Anche qui, ritorna il tema della fede: per chi crede e si lascia "possedere" dall’amore di Cristo, cambia il modo di vedere, di interpretare la realtà. Anche quella realtà che più ci colpisce e ci inquieta: la morte.
Ma la morte di cui ci parla S. Paolo non è soltanto quella fisica. C’è anche quella spirituale, che, a volte, è ancora peggiore.
È la morte della mancanza di senso, di gioia, di prospettiva. È la morte del peccato, delle cose che offuscano nell’uomo l’immagine del Creatore. Anche questa morte è stata sconfitta: "Se uno è in Cristo, è una nuova creatura; le cose vecchie sono passate; ecco, ne sono nate di nuove!".

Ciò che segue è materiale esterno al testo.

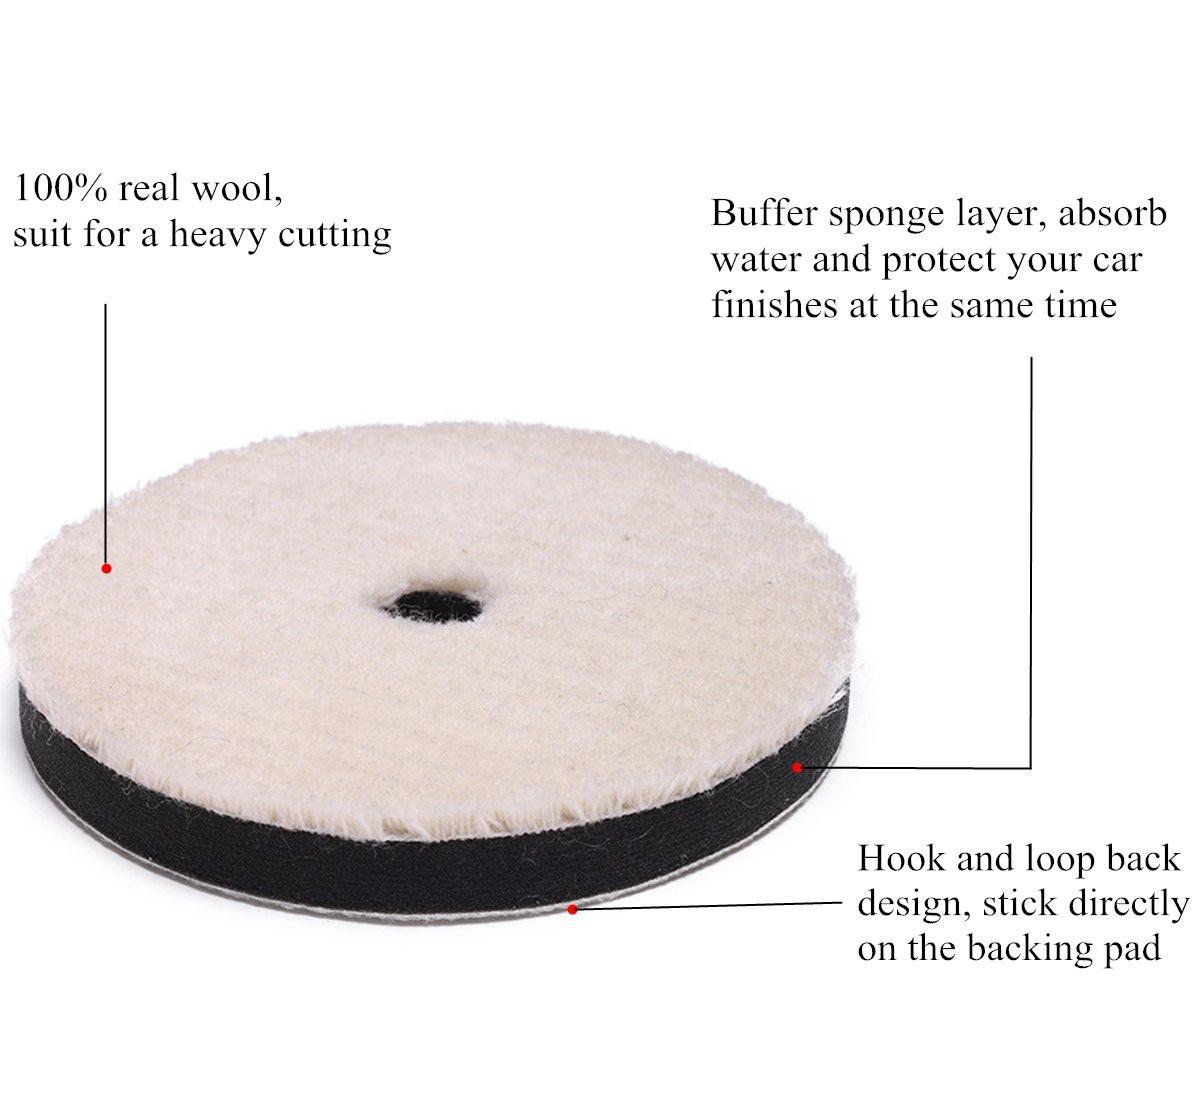 OKAYDA 100/% Wool Polishing Pad with Sponge Buffer and Hook /& Loop Back Wool Waxing Pad for Auto Car 5 2pack

"God has everything under control"
Concludiamo citando brevemente il pastore evangelico americano David Wilkerson, da una sua meditazione, intitolata "God has everything under control" (Dio ha tutto sotto controllo).
"In questo momento tutto il mondo trema sotto l’esplosione di terrore e delle calamità che avvengono in tutta la terra. Tutti i giorni ci svegliamo e veniamo a conoscenza di un altro disastro.
I non credenti sono giunti alla conclusione che non ci rimane altra soluzione, che tutto sta ruotando velocemente verso il caos perché non c’è più un timone.
Ma il popolo di Dio la pensa diversamente. Sappiamo che non c’è motivo di aver paura, perché la Bibbia ci ricorda ancora una volta che il Signore ha tutto sotto controllo. Nulla avviene nel mondo senza la sua conoscenza e la sua guida. Isaia poi parla al popolo di Dio, che è sbattuto e preoccupato per gli eventi del mondo. Consiglia: Guarda in alto verso il cielo, alla sede gloriosa. Contempla i milioni di stelle. Il tuo Dio le ha create e le ha nominate una ad una. Non sei più prezioso di ciascuna di esse? Perciò, non temere.
Dobbiamo sapere che in cielo c’è una mappa, un piano che il nostro Padre ha stabilito per il corso della storia. E lui lo conosce dal principio alla fine".